1 is a schematic diagram of an optical assembly of a conventional portable ophthalmic light therapy device. As shown in FIG. 1, the optical assembly comprises a substrate 11, an array of LEDs 12 mounted to the substrate 11, an array of Fresnel lenses 13 positioned over the array of LEDs 12, And a diffuser 14 located above the array of Fresnel lenses. The array of LEDs 12 may consist of 24 arrays (only two of them are shown in FIG. 1), each having an emission angle of about 50 °. An NSPW510BS type LED available from Nichia Corporation (Japan) can be used. Corresponding to the array of LEDs 12, the array of Fresnel lenses 13 consists of 24 Fresnel lenses. The array of Fresnel lenses 13 receives and collimates the light emitted from the array of LEDs 12, the collimated light is transferred through the diffuser 14 and only onto a user's face, i.e. a specific area of the subject window.
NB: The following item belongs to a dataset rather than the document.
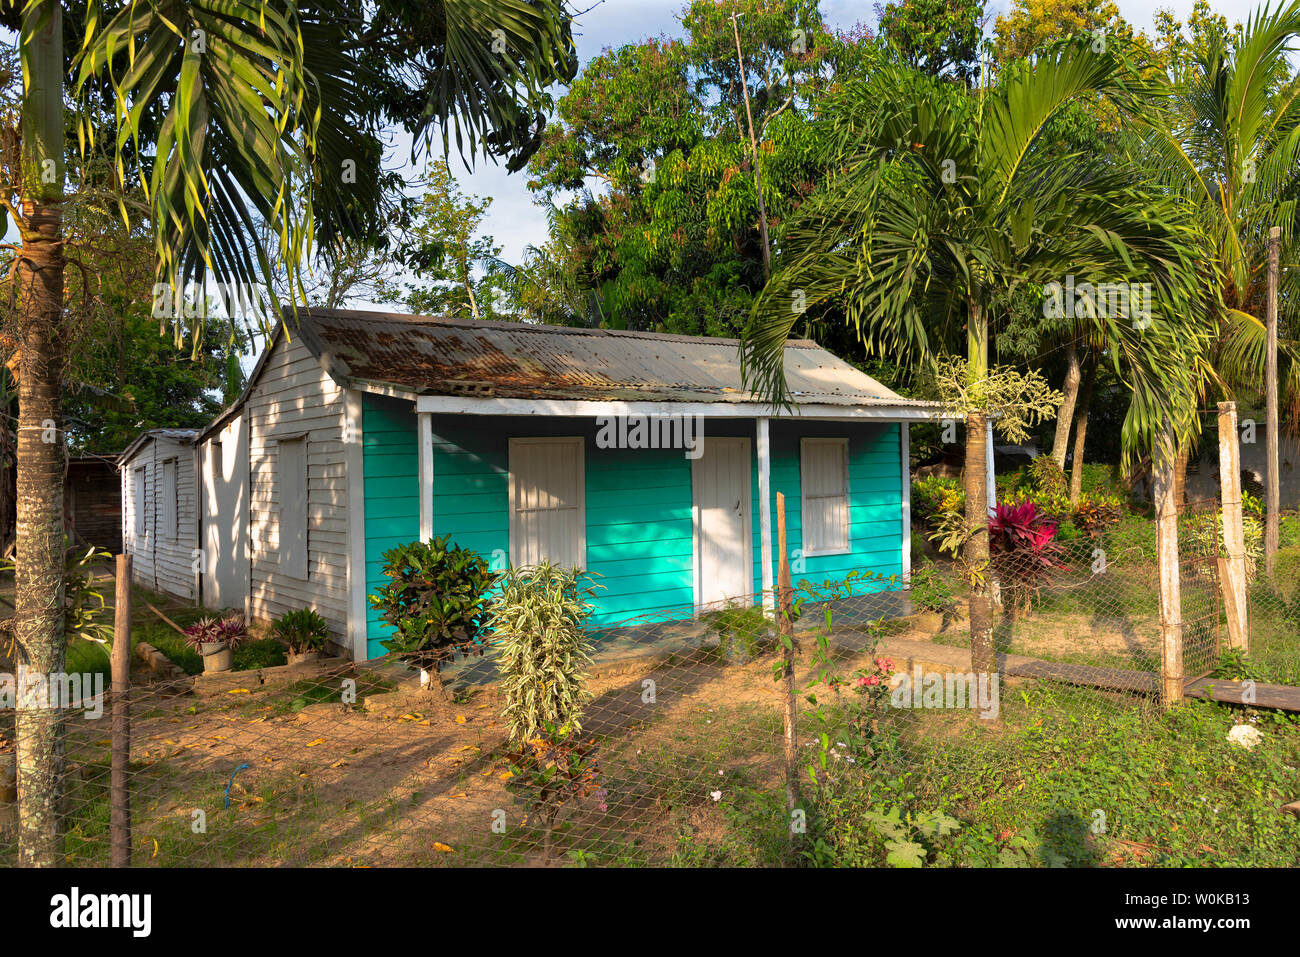 Typical colourful tobacco worker's small house in the rural village of San Juan y Martinez, Pinar del Rio Province, Cuba, Caribbean Stock Photo

Evenly illuminated.

The optical assembly constructed as shown in FIG. 1 has a thickness of about 25 mm, which means the distance between the bottom of the substrate 11 and the top of the diffuser 14. Considering the required housing, the overall thickness of the device will be 30 to 40 mm.

2 is a schematic diagram of an optical assembly of a portable ophthalmic light therapy device according to one embodiment of the invention. In the embodiment as shown in FIG. 2, an array 22 of surface mount LEDs (only two LEDs are shown) is used as the light source. Surface mounted LEDs have an essentially lower height and can also be mounted directly on the substrate 21, contributing to some reduction in the thickness of the device.

In addition, the distance between the array of LEDs 22 and the array of Fresnel lenses 23 can be greatly shortened, which is required between the LED and the Fresnel lens at a wider LED emission angle while maintaining consistency within the illumination area. The distance will be narrower.

Light emitted from the array of LEDs 22 and collimated through the array of Fresnel lenses 23 is projected directly onto the user's face without the need to provide a diffuser over the array of Fresnel lenses 23. Through proper selection of the Fresnel lens focal length and the LED light emitting area, most of the total light emitted by the array of LEDs is efficiently relayed into a well-defined subject window.

3 is a schematic diagram of an optical path of a portable ocular light therapy device according to an embodiment of the invention as shown in FIG. 2. For simplicity, only one surface mount LED is shown in FIG. 3, while the subject window is a composite image of all LED light emitting regions. In FIG. 3, the subject window 34 is formed by light emitted from the surface mounted LED 32 on the substrate 31 and collimated by the Fresnel lens 33.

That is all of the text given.